Harper shakes her head. “You’re not getting out of going to the beach,” she says. “Ramsay is coming at noon.”

“Fine,” Ainsley says. “I’ll be ready. I just have to sleep now.”

“I’m leaving Fish here to keep an eye on you,” Harper says.

Ainsley pulls the quilt up over her head.



Ainsley waits until Harper is out of the driveway, then she waits an extra seven minutes on the off chance that Harper forgot something. Then Ainsley slips from bed, pulls on shorts, and shuffles into flip-flops. Fish is in fact standing right outside Ainsley’s door, but Fish is a dog, not a person; he can’t tell on her.

Ainsley slips out the door. Fish barks.

She hurries over to her grandmother’s house. Felipa has gone to Boston to be with Grammie, so there is no one to avoid. Ainsley checks the bar cart first. She took the Grey Goose, and it hasn’t been replaced. She considers walking with the Mount Gay or the Johnnie Walker Black, but she can’t chance Aunt Harper smelling it on her.

And so to the basement Ainsley goes. The clocks chime quarter past the hour; Ainsley inhales the fragrance of her grandmother’s Evening in Paris, which is also the perfume her mother wears. It’s the scent of her oppressors.

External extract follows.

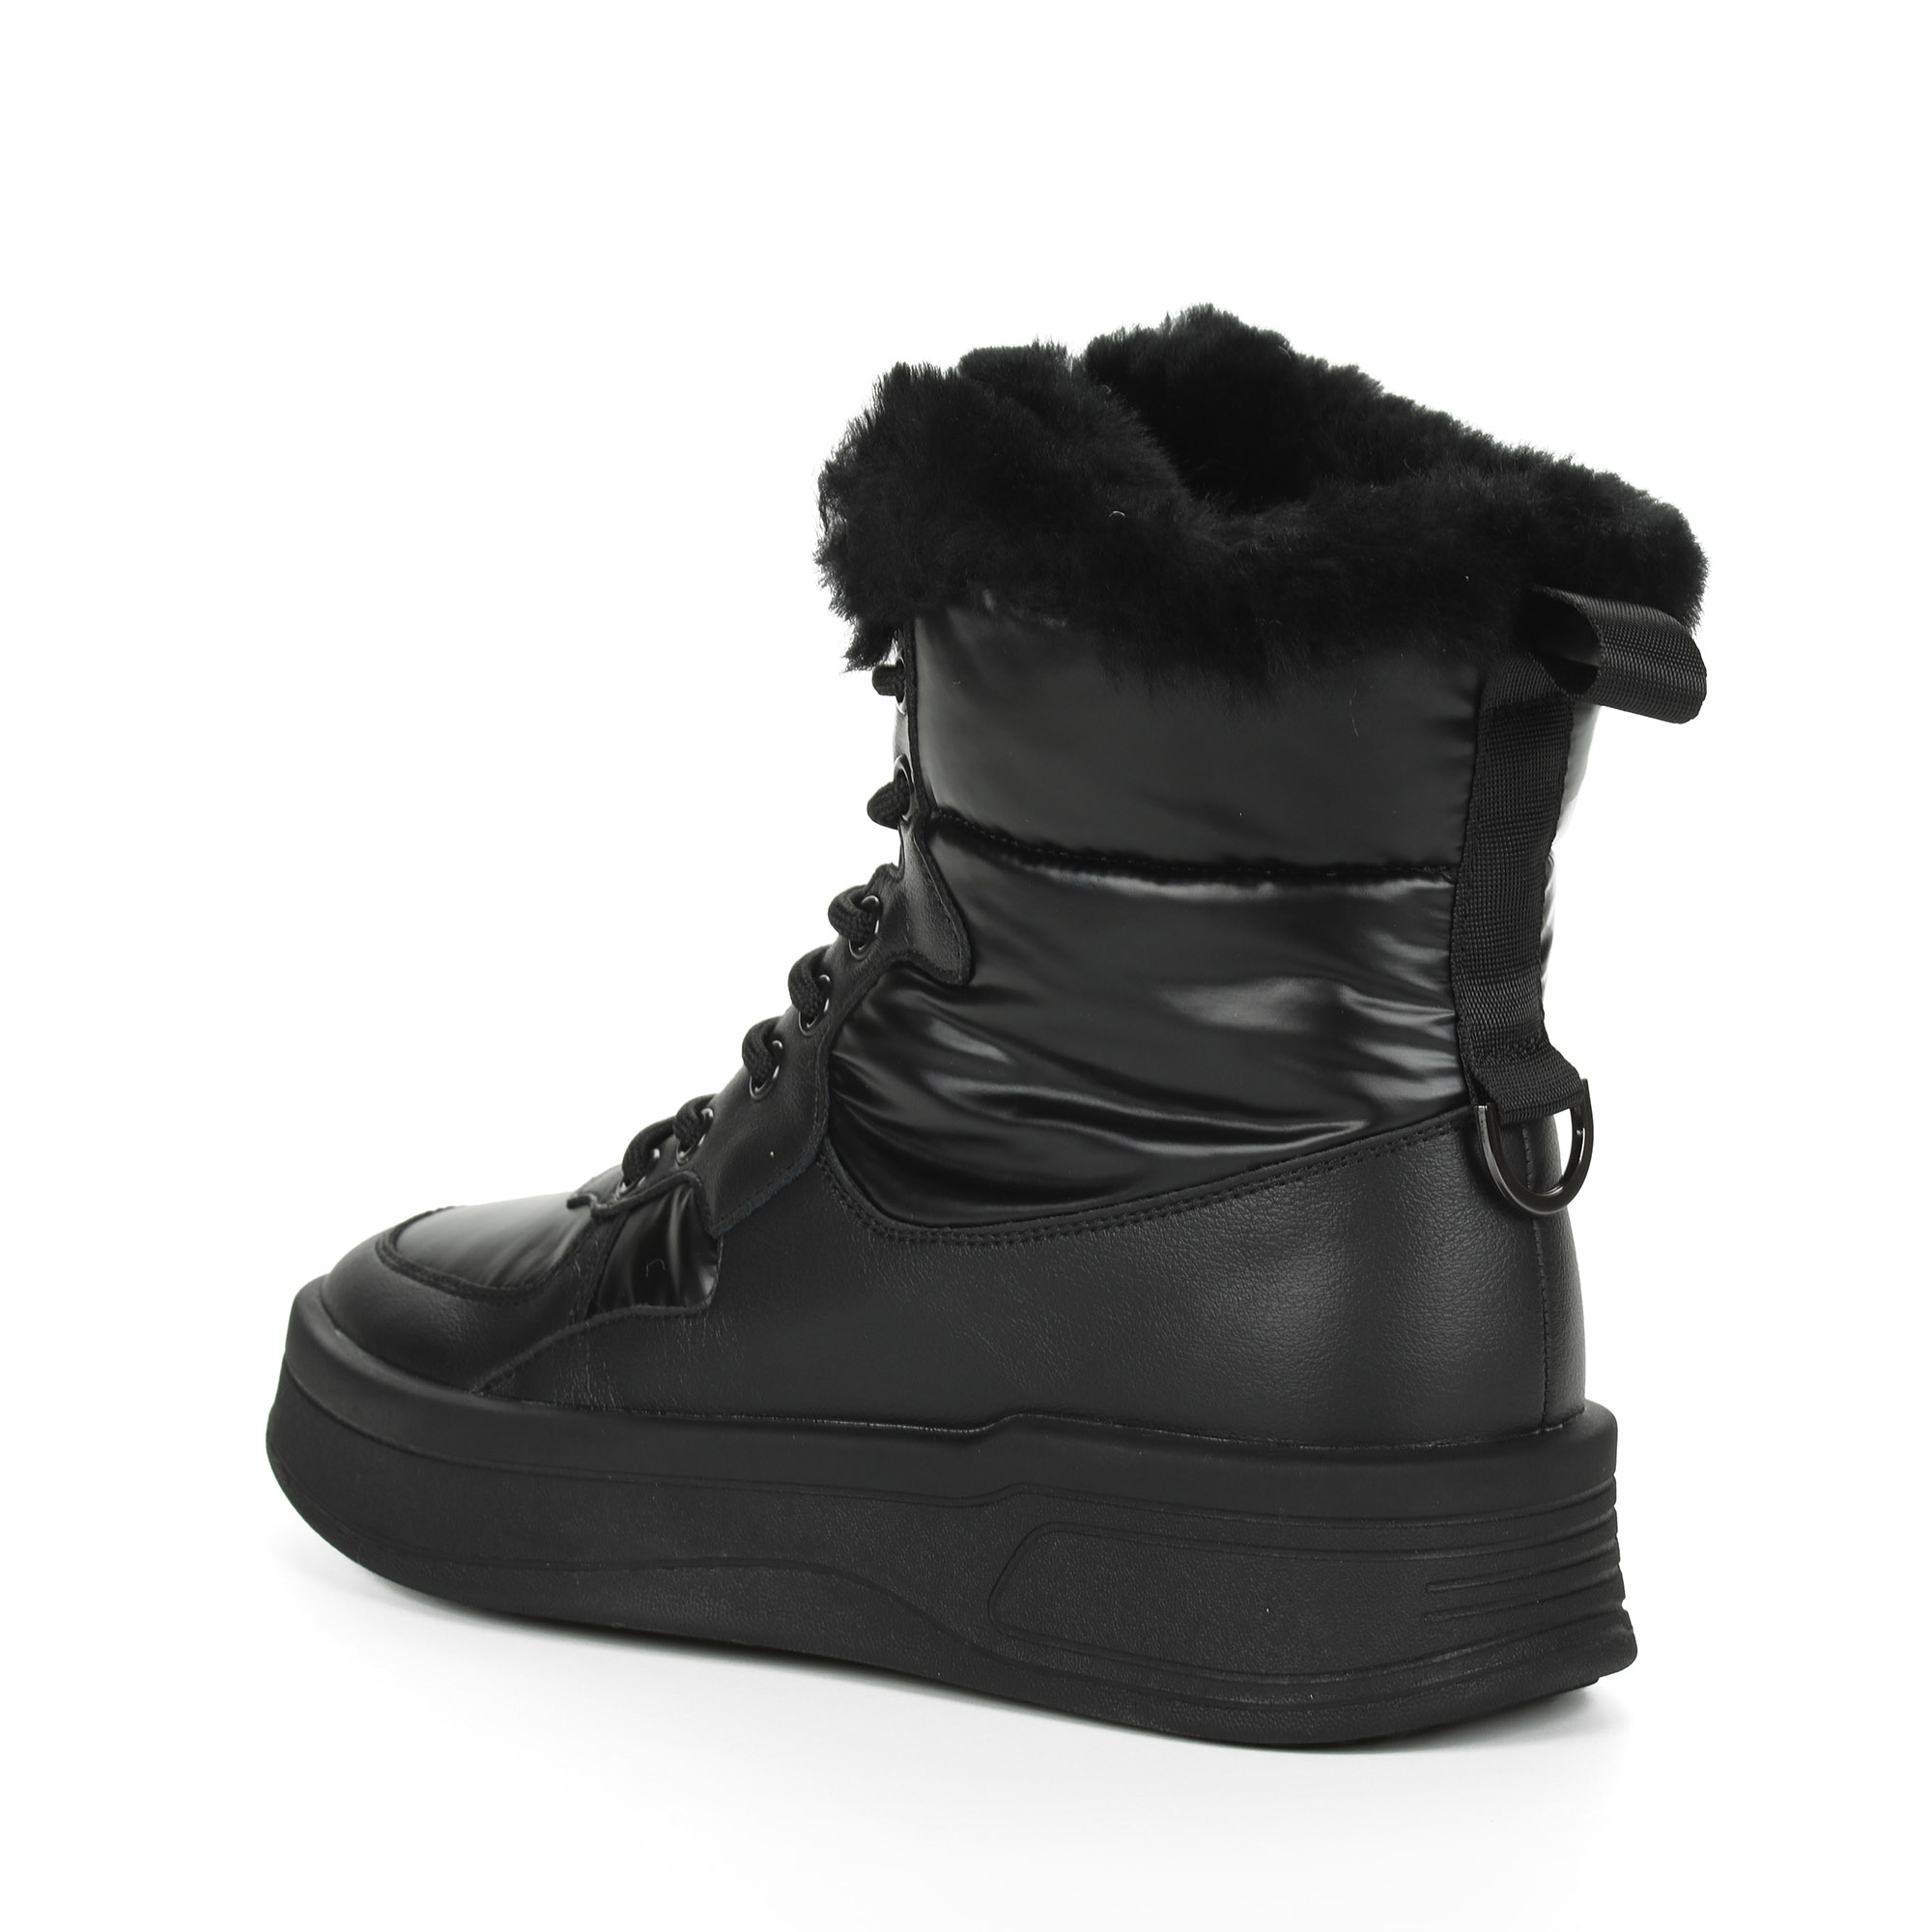 Черные высокие кроссовки из комбинированных материалов смеховой опушкой на подкладке из натуральной шерсти на утолщенной платформе Respect, размер 37, цвет черный - фото 5

The basement of Seamless is like the basement of a morgue, only instead of dead bodies the space is populated by headless dressmaker dummies, which terrify Ainsley and have done so since she was small. Tabitha keeps one as a conversation piece in their living room, despite Ainsley’s protests. Ainsley must have had a nightmare at some point about the dummies coming to life or calling out in agony about their missing heads and limbs, because she can’t explain her fear away. She knows they are horsehair and Styrofoam, but they remind her of deformed bodies.

Ainsley holds her breath the way she and her friends used to when they drove past one of Nantucket’s many cemeteries, and she darts among the dummies to the far wall of the basement, against which Eleanor keeps stacked cases of booze.

A bottle of Grey Goose. Just one bottle, although Ainsley considers taking two. She scurries back toward the stairs while the dummies stand in silent judgment.



Ainsley catches sight of Caylee’s tangerine-colored Jeep through the filmy white curtains of Eleanor’s front window. Next she sees Caylee herself, wearing the Roxie in emerald green. The Roxie is a matronly dress, but somehow Caylee totally rocks it. She’s wearing nude patent leather heels, which make her legs look a mile long. Her hair is straight and shiny, and she’s wearing cat’s-eye sunglasses.

“Hey!” Ainsley says to Caylee as she steps outside.

Caylee waves and trots through the gravel toward Ainsley in her heels. “Hey, girl!” She sees the bottle of Grey Goose, and her expression darkens. “What are you doing, Ainsley?”

Ainsley holds up the bottle. “Shots,” she says. “Kidding. I was going to make a screwdriver. Do you want one? Are you on your way to brunch?” Ainsley knows Caylee has hundreds of friends, all of them fun, and when she’s not working, her life is a whirlwind of drinks, dinners, concerts, beach parties, and brunches. Ainsley can’t wait to be older.